- Born: 1944 Saffron Walden, England
- Origin: Ontario, Canada
- Died: 28 May 2019 (aged 75) Nashville, Tennessee
- Genres: Country
- Occupations: Musician, record producer, songwriter
- Instrument: Guitar
- Years active: 1958–2019
- Label: Pye
- Website: www.murphyslawsofsongwriting.com

= Ralph Murphy (musician) =

Ralph Murphy (1944 – 28 May 2019) was a British-born Canadian musician, record producer, and songwriter. Murphy was inducted into the Canadian Country Music Hall of Fame in 2012.

==Biography==
===Early life and career===
Murphy was born in Saffron Walden, England during World War II. At the age of six, Murphy emigrated to Canada with his mother. An avid lover of music, Murphy taught himself to play guitar and began playing gigs in Wallaceburg, Ontario at the age of 14. At 17 he moved between Los Angeles and New York City making his way in the music business.

At 19, Murphy moved to London, signed a record deal with Pye Records and released two singles with Jack Klaysen as The Guardsmen. The Guardsmen then changed their name to the Slade Brothers and released an additional two singles. The Slade Brothers opened for famous headlining acts, such as The Kinks, The Troggs, Martha and the Vandellas, The Byrds, and The Walker Brothers.

Ralph was also a member of a band called Smokey Circles who he formed with Shmuel Kraus, who had previously worked together in The High Windows. Their album was released in 1970.

===Producing career===
Murphy signed his first publishing deal with Mills Music in 1965. He had his first big hit with James Royal's "Call My Name" in 1966. Murphy started producing records in 1966 for CBS, Fontana, Carnaby, Decca, Other hits included Billy Fury's "Beyond a Shadow of a Doubt" and the Casuals "Touched". In 1967, Murphy joined the group Harper and Rowe. The following year, he became Raffi Murphy in the group The High Windows.

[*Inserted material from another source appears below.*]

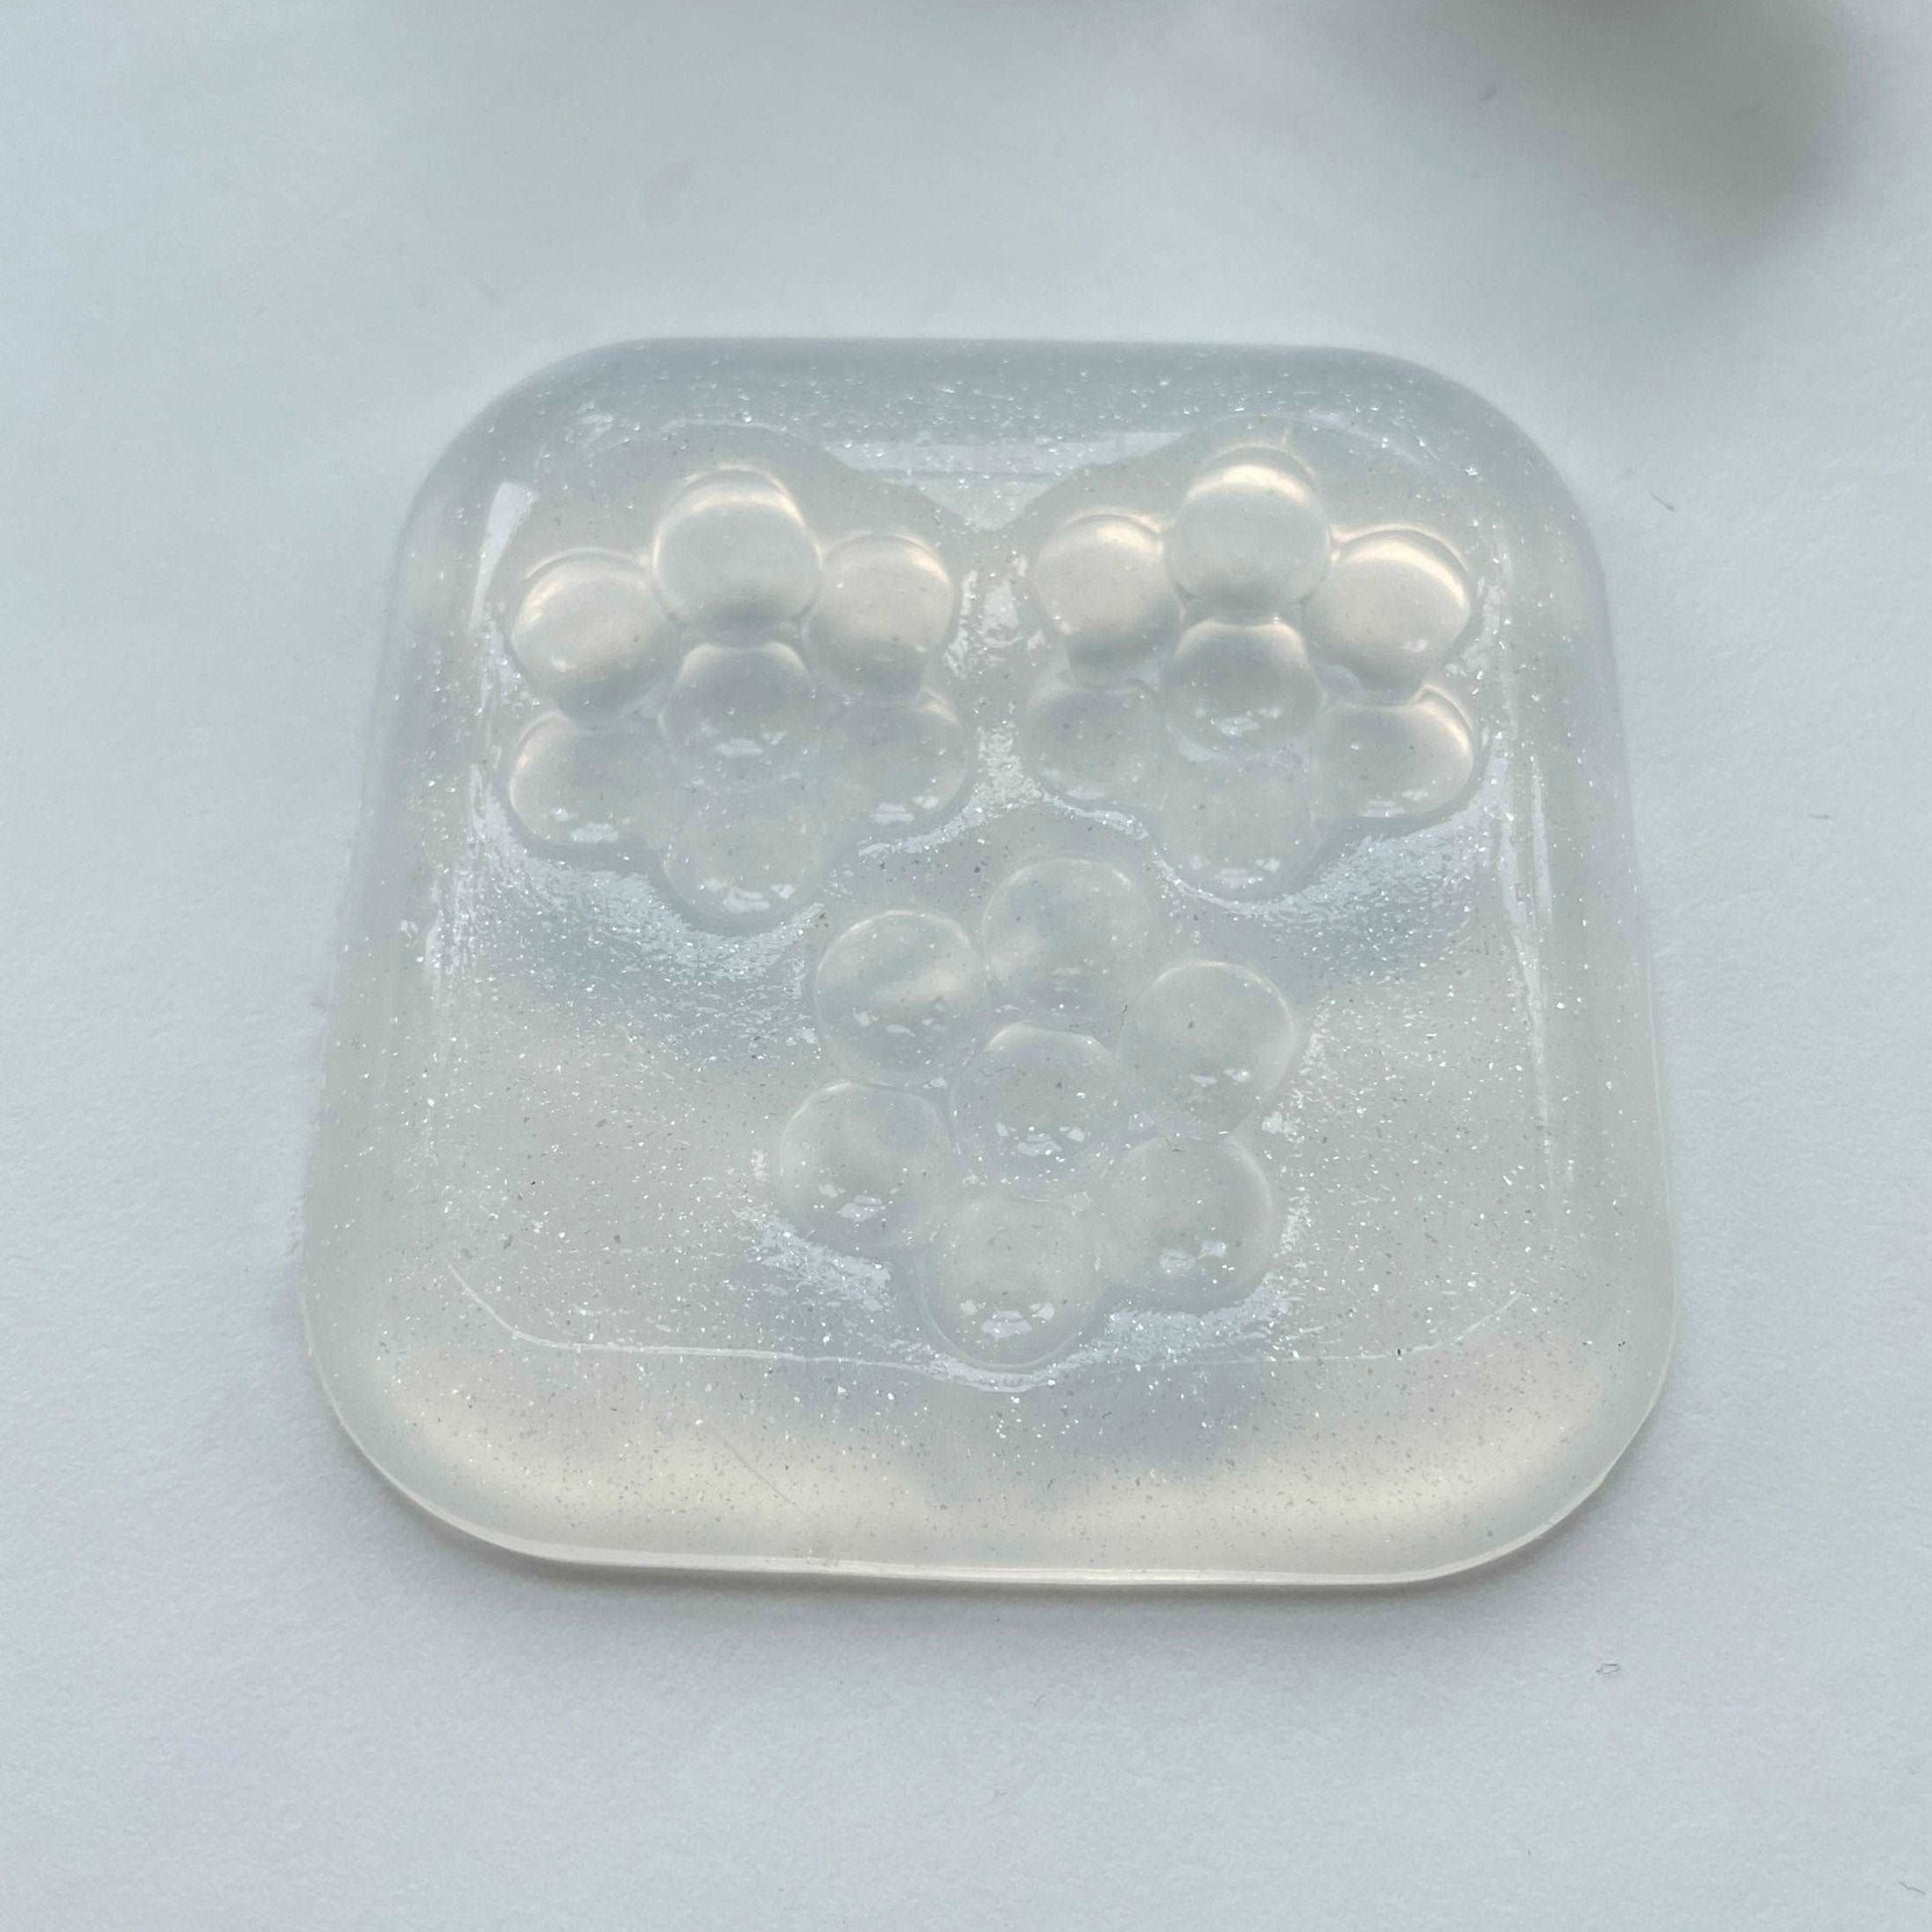 3 Flower Bubble Jewelry Mold Transparent Silicone Mold Resin molds for pendants, earrings, necklaces, rings, jewelry making DIY...bijouterie
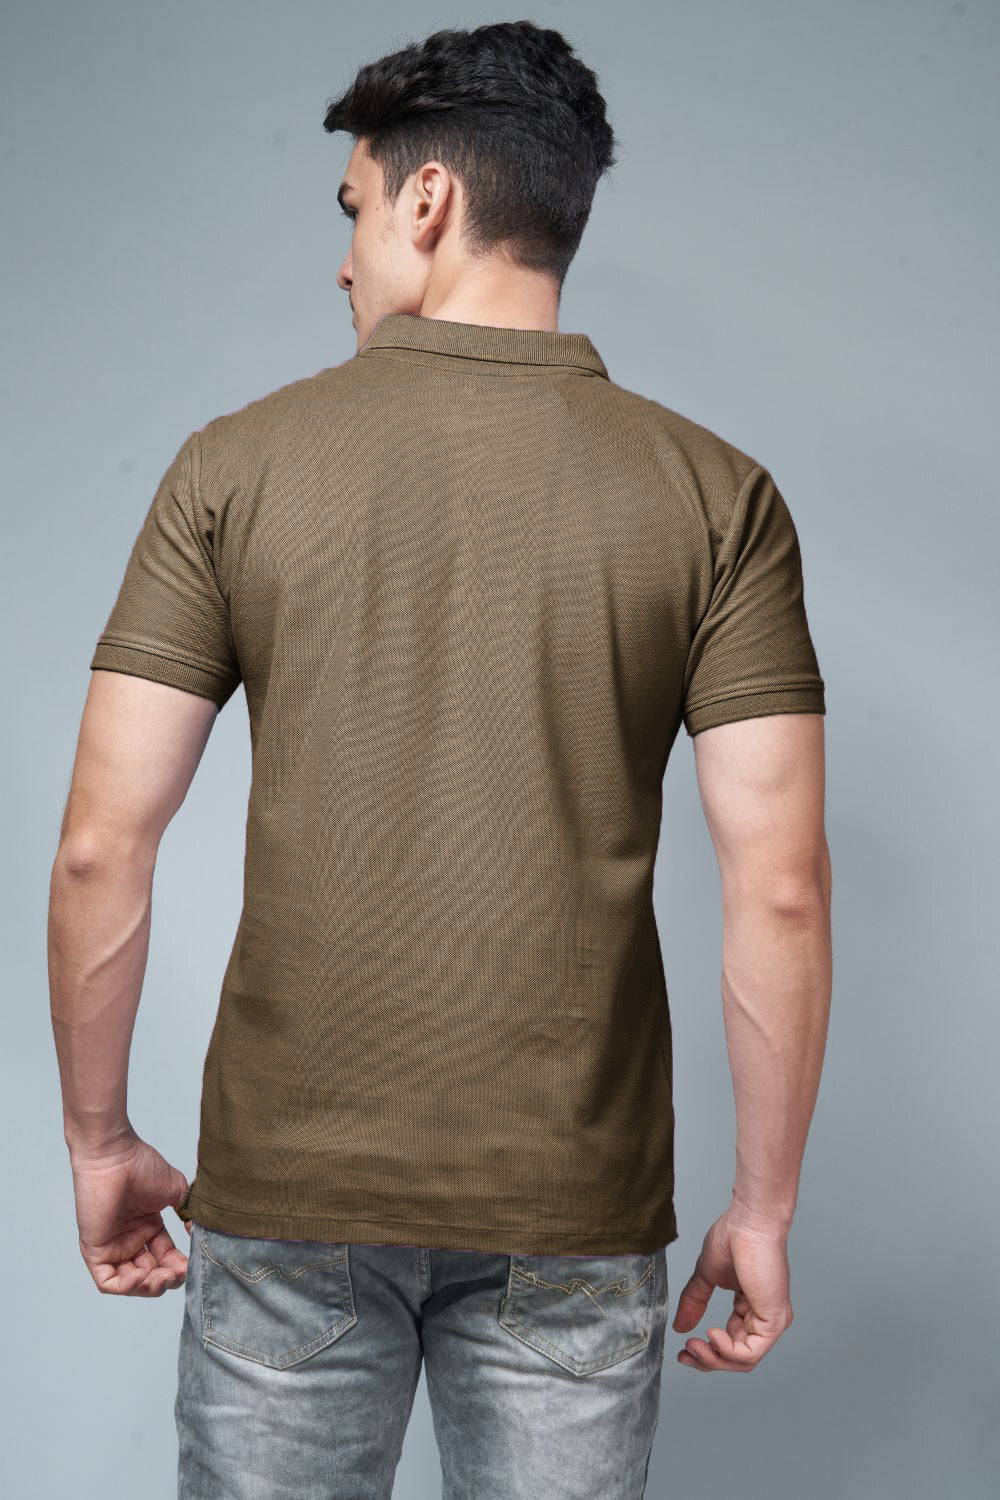 Olive colored, identity Polo T-shirts for men with collar and half sleeves, back view.

In 1969, Murphy moved to New York City and produced albums for several groups, including, but not limited to, April Wine, Mashmakhan, Shooter, Brutus, Sea Dog, Chris Bartley, and the Rock Garden.

===Songwriting===
In 1971, Murphy had a number two country hit with Jeannie C. Riley titled "Good Enough to be Your Wife" which gave Murphy his first introduction to Nashville. In 1978, Murphy moved to Nashville and began a joint venture publishing/production company with Roger Cook called PICALIC. The company achieved its first number one hit within a year with a song by Crystal Gayle called "Talking in Your Sleep", written by Bobby Wood and Roger Cook. In 1978, Murphy cowrote "Half the Way" with Bobby Wood, which was recorded by Crystal Gayle and became a number one hit. In 1980 Murphy co-wrote "He Got You" with Bobby Wood, which was recorded by Ronnie Milsap and also became a number one hit. Murphys' most recent success as "21st Century Christmas", co-written with Paul Brady and recorded by Cliff Richard which made it to number 2 on the UK charts. Other artists that have recorded Murphy's songs include Randy Travis, Ray Price, Don Williams, Kathy Mattea, Little Texas, Shania Twain, Brotherhood of Man, Jimmy Buffett, Vanity Fair, and many more.

Murphy worked with ASCAP for the over 14 years to facilitate workshops for songwriters, and help protect songwriters rights. He and his son Shawn Murphy co-wrote the noted book, Murphy's Laws of Songwriting, which Murphy posted to his website to help aspiring writers obtain success in their own careers, and recently released an album of his previously recorded hits and also several of his own favorite previously unrecorded songs.

===Other affiliations===
Murphy was a member of the Country Music Association, serving on the board of the Canadian Country Music Association. He was a member of the Songwriters Association of Canada and the Songwriter's Guild of America. He was a president of the Nashville Songwriter's Association, and a President of the Nashville Chapter of the National Academy of the Recording Arts and Sciences and Trustee of NARAS.

In 1987 Murphy was scheduled to play a songwriters showcase at Nashville's famous Bluebird Cafe. A talent spotter for EMI-owned Capitol Records was there to see his set. Due to illness Murphy was unable to make the show, so a fellow performer also on the showcase was moved up the running list and took the stage in his spot. That musician was Garth Brooks who was offered a record deal by Capitol as a result.

===Awards===
- 2011 Jo Walker-Meador International Achievement Award
- 2012 Canadian Country Music Hall of Fame
- 2019 SOCAN Special Achievement Award
- 2019 Ralph Murphy Songwriters Inspiration Award
- 2019 NSAI Mentors Award

===Death===
On 28 May 2019, Murphy died of pneumonia. He was 75.